Istilah ini juga dipakai Leonard Binder dalam analisis pemikiran modern Mesir, Turki, dan Iran, lewat bukunya, Islamic Liberalism: A Critique of Development Ideologies (1988). Barton, dosen studi-studi agama pada Deakin University, Geelong, Australia, menganggap keempat tokoh yang dianalisis dalam buku ini: Nurcholish Madjid, Djohan Effendi, Ahmad Wahib (almarhum), dan Abdurrahman Wahid merupakan pemikir Indonesia terkemuka yang mempromosikan paham Islam Liberal dalam garis neo-modernisme Fazlur Rahman.

Buku ini merinci pemikiran keempat tokoh tersebut, dengan ilustrasi yang sangat mendalam, walaupun orientasi studi teksnya sebatas 1981. Mengikuti Kurzman, minus persoalan hak- hak perempuan yang sekarang dikenal sebagai studi gender, keempat tokoh yang dibahas Barton menguraikan secara sangat mendalam pokok persoalan yang dikemukakan Kurzman.

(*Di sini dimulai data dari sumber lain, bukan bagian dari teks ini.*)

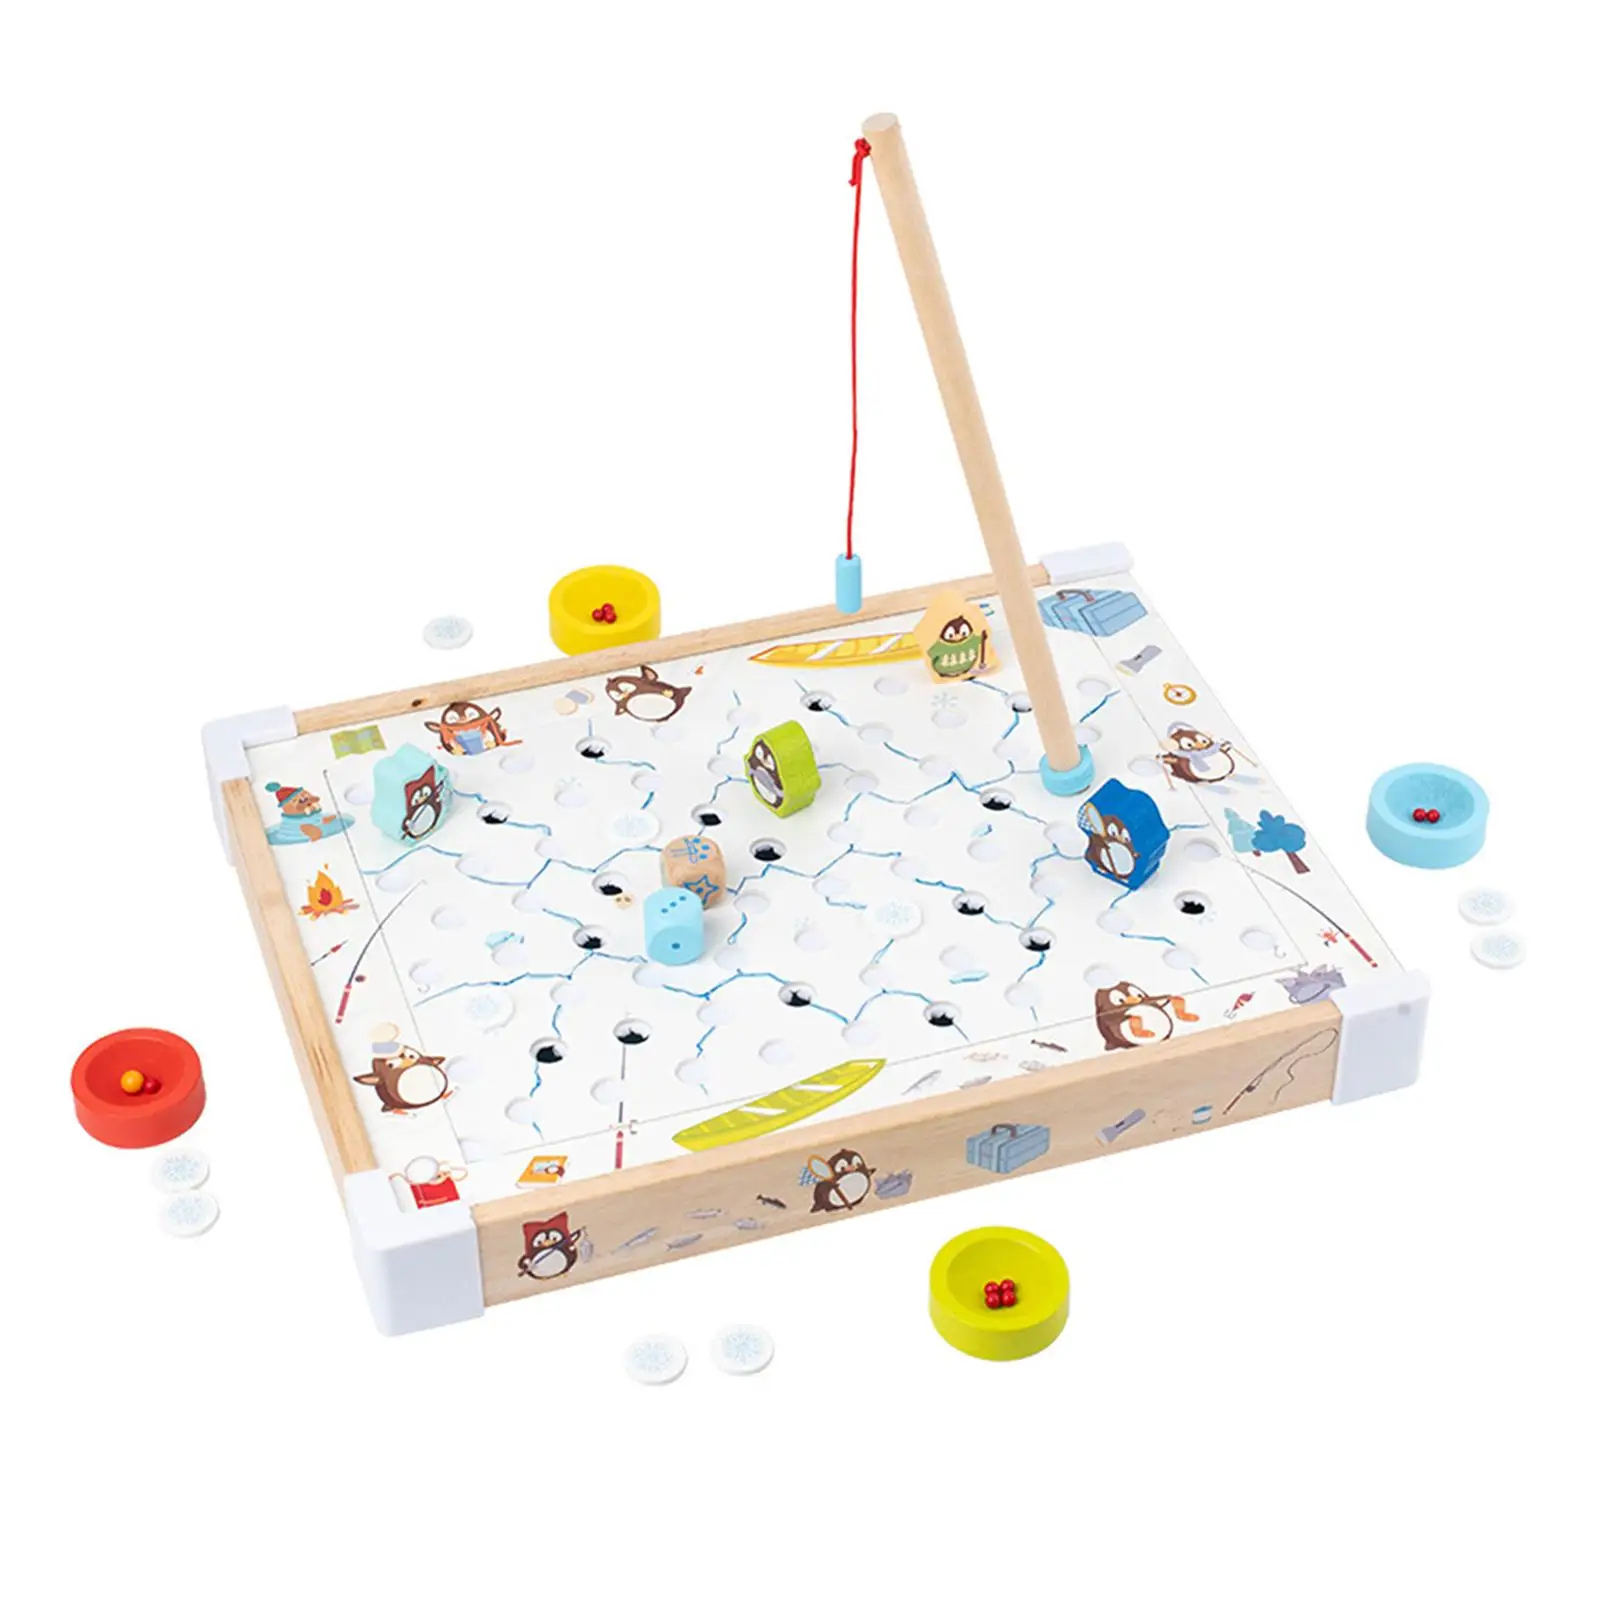 Fishing Toy Party Favors Teaching Aid Preschool Learning Educational Toy Board Game for Children Girls Boys Kids Birthday Gifts

Buku ini membantu kita memahami perkembangan mutakhir pemikiran Islam di Indonesia. Para tokoh itu membuat kita lega akan wajah Islam di Indonesia yang, walaupun harus terus diuji di kancah empiris, punya masa depan cerah. Dalam konteks Indonesia, Islam liberal diharapkan dapat mengisi nilai-nilai civil religion, agama madani, yang memberi dasar untuk etika bangsa dalam reformasi kini. Inilah Islam yang kita tunggu. Greg Barton tampaknya mempunyai harapan besar pada pemikir Islam liberal ini.